You can also use optional answer synthesis to bring LLM answer formulation into the query pipeline, returning a concise or formatted answer to an agent or app.

Prerequisites

A supported knowledge source that wraps a searchable index or points to an external source for native data retrieval.
A knowledge base that represents one or more knowledge sources. If you want intelligent query planning and answer formulation, include a chat completion model.
Azure AI Search in any region that provides agentic retrieval.
Permissions on Azure AI Search. Roles for retrieving content include Search Index Data Reader for running queries. To support an outbound call from a search service to a chat completion model, you must configure a managed identity for the search service, and it must have Cognitive Services User permissions on the Azure OpenAI resource. For more information about local testing and obtaining access tokens, see Quickstart: Connect without keys.
API version requirements. To create or use a knowledge base, use the 2025-11-01-preview data plane REST API. Or, use a preview package of an Azure SDK that provides knowledge base APIs: Python, .NET, Java.

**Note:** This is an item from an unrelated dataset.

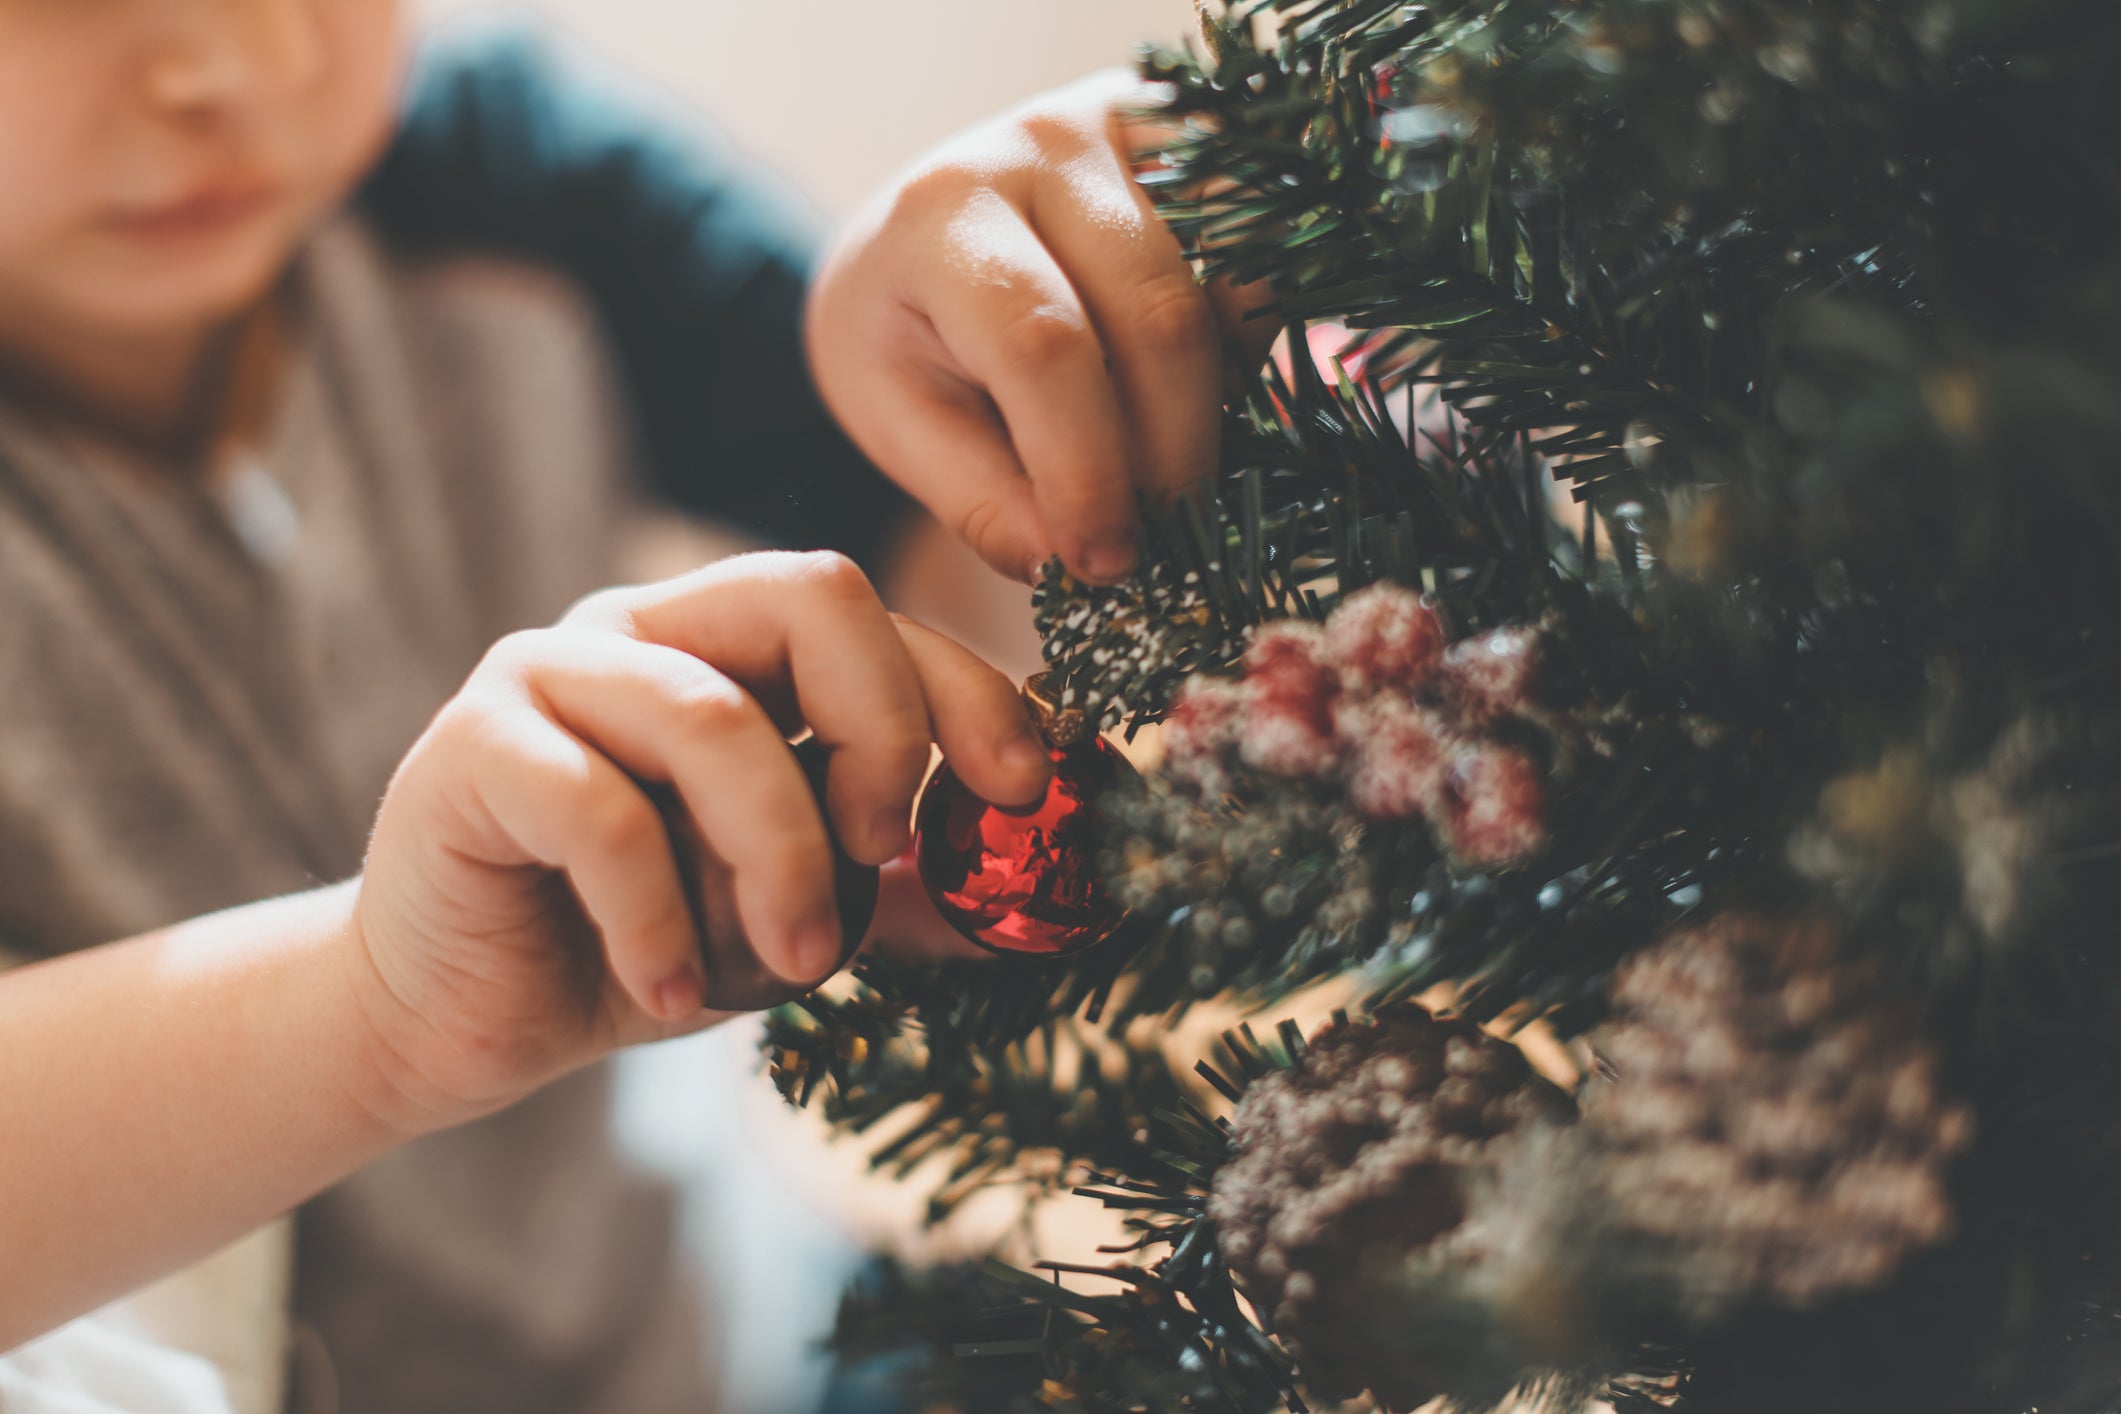 When should I take down my Christmas tree and decorations? | The ...

To follow the steps in this guide, we recommend Visual Studio Code with a REST client for sending REST API calls to Azure AI Search.

Set up the retrieve action

Specify a retrieve action on a knowledge base. The knowledge base has one or more knowledge sources. Retrieval can return a synthesized answer in natural language or raw grounding chunks from the knowledge sources.

Review your knowledge base definition to understand which knowledge sources are in scope.
Review your knowledge sources to understand their parameters and configuration.
Use the 2025-11-01-preview data plane REST API or an Azure SDK preview package to call retrieve.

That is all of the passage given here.